__Dataset content__
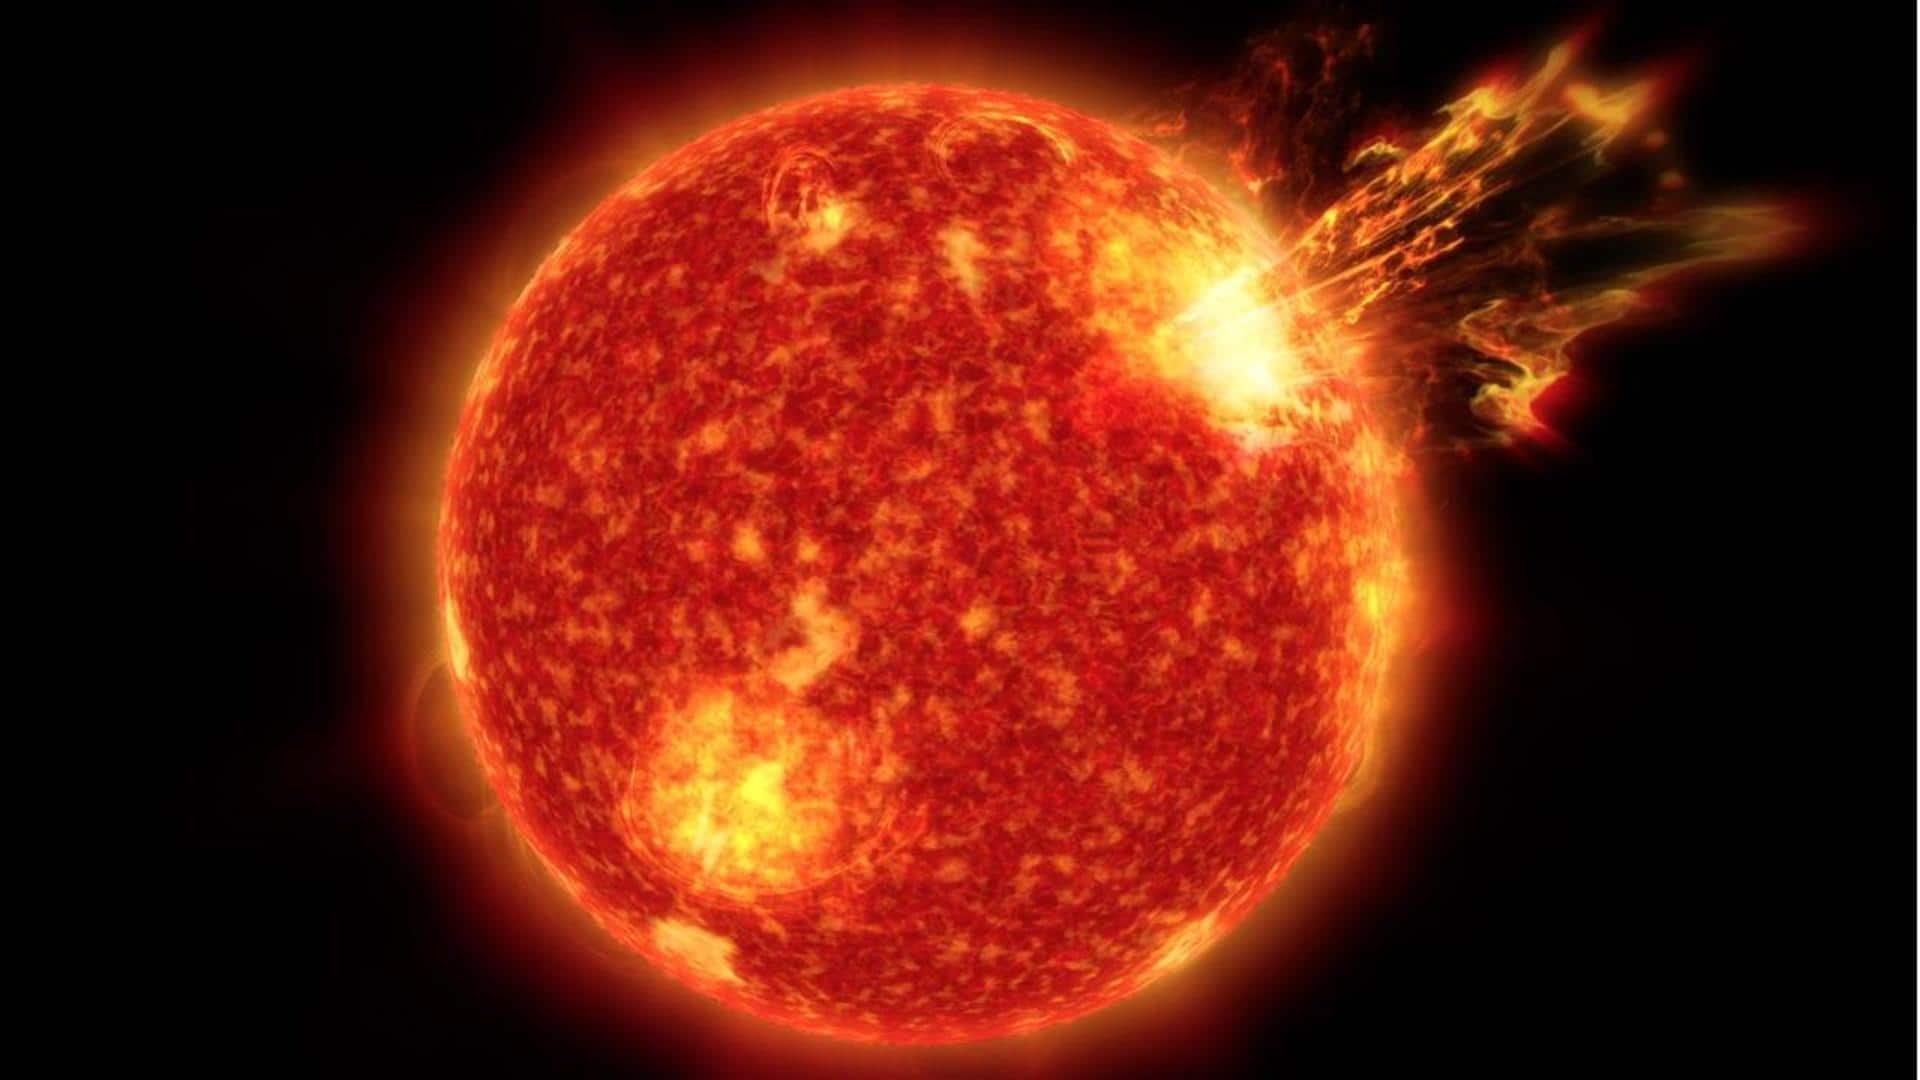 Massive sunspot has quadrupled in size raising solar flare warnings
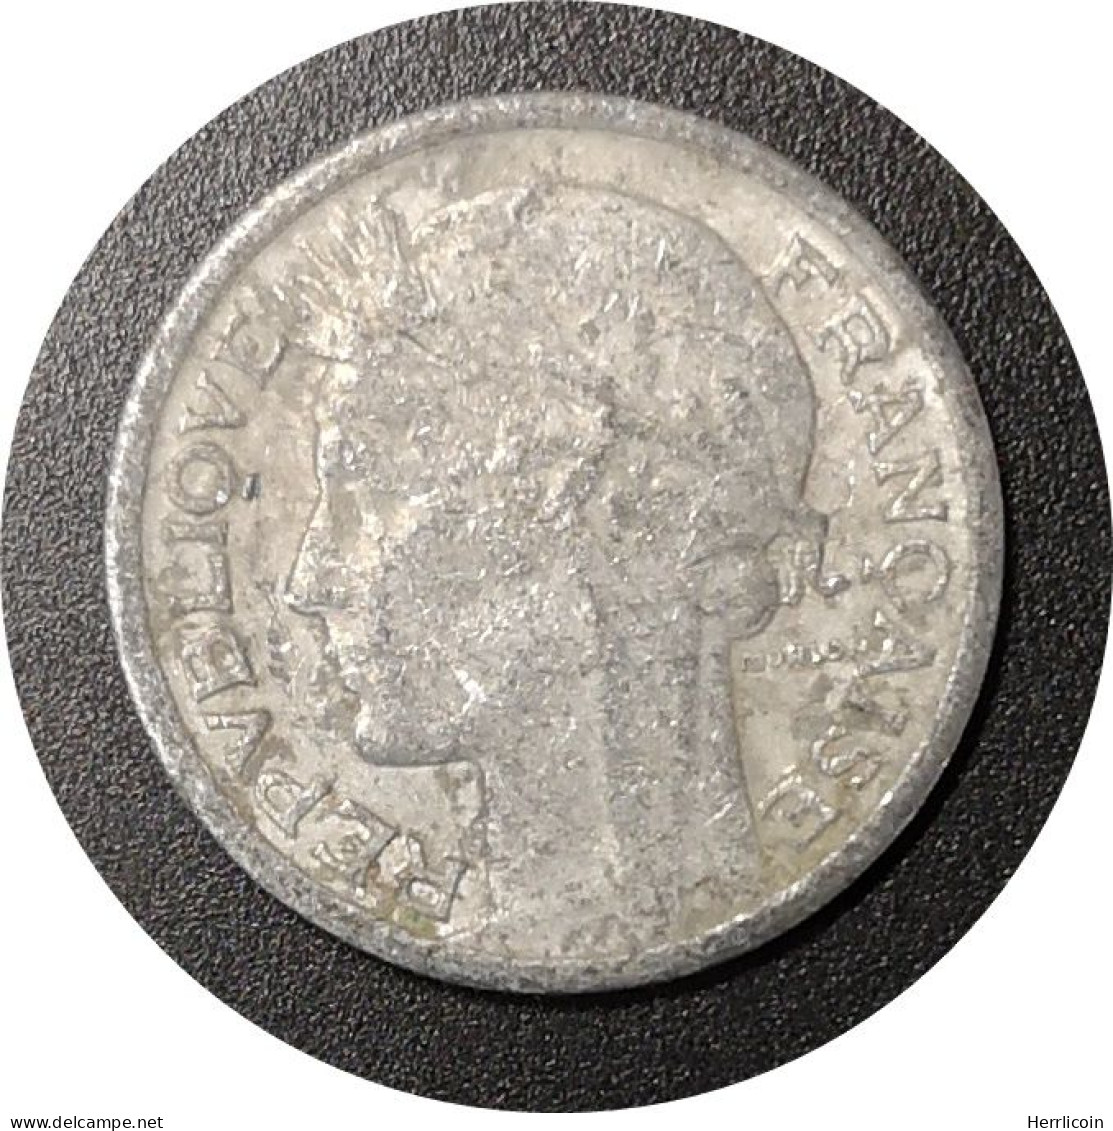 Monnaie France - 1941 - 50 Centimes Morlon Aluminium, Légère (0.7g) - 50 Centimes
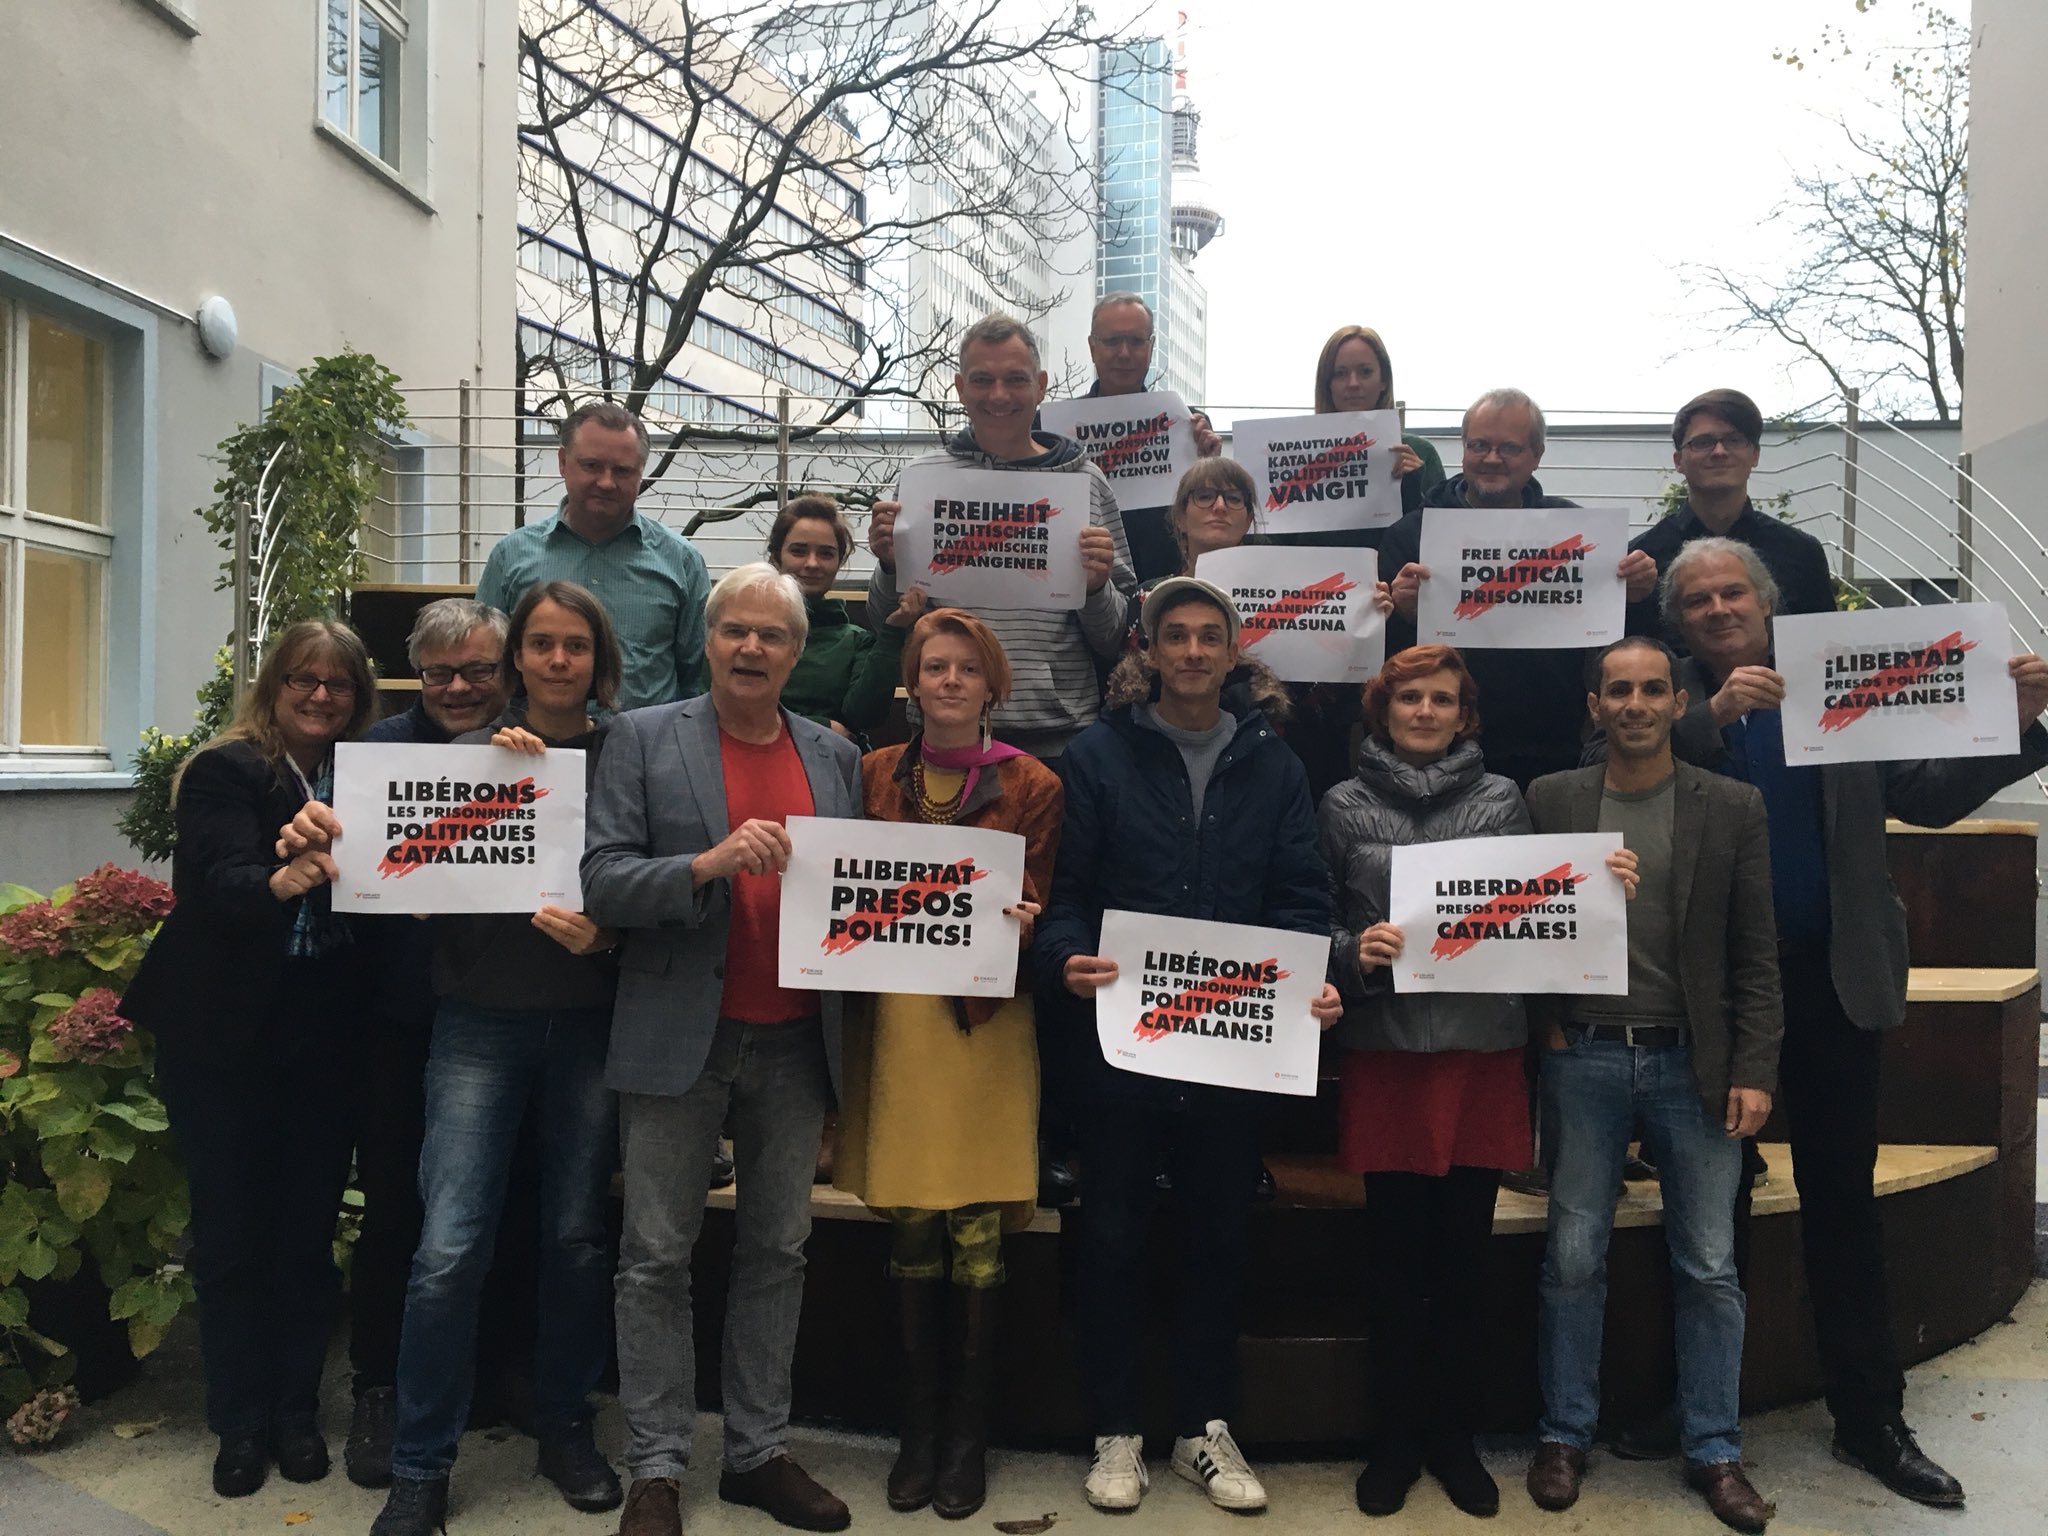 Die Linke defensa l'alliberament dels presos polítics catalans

__Aim of the task__
Return to the listing above and set it down exactly, leaving out its pictures.

__Solution for this problem__
 Massive sunspot has quadrupled in size raising solar flare warnings
 Monnaie France - 1941 - 50 Centimes Morlon Aluminium, Légère (0.7g) - 50 Centimes
 Die Linke defensa l'alliberament dels presos polítics catalans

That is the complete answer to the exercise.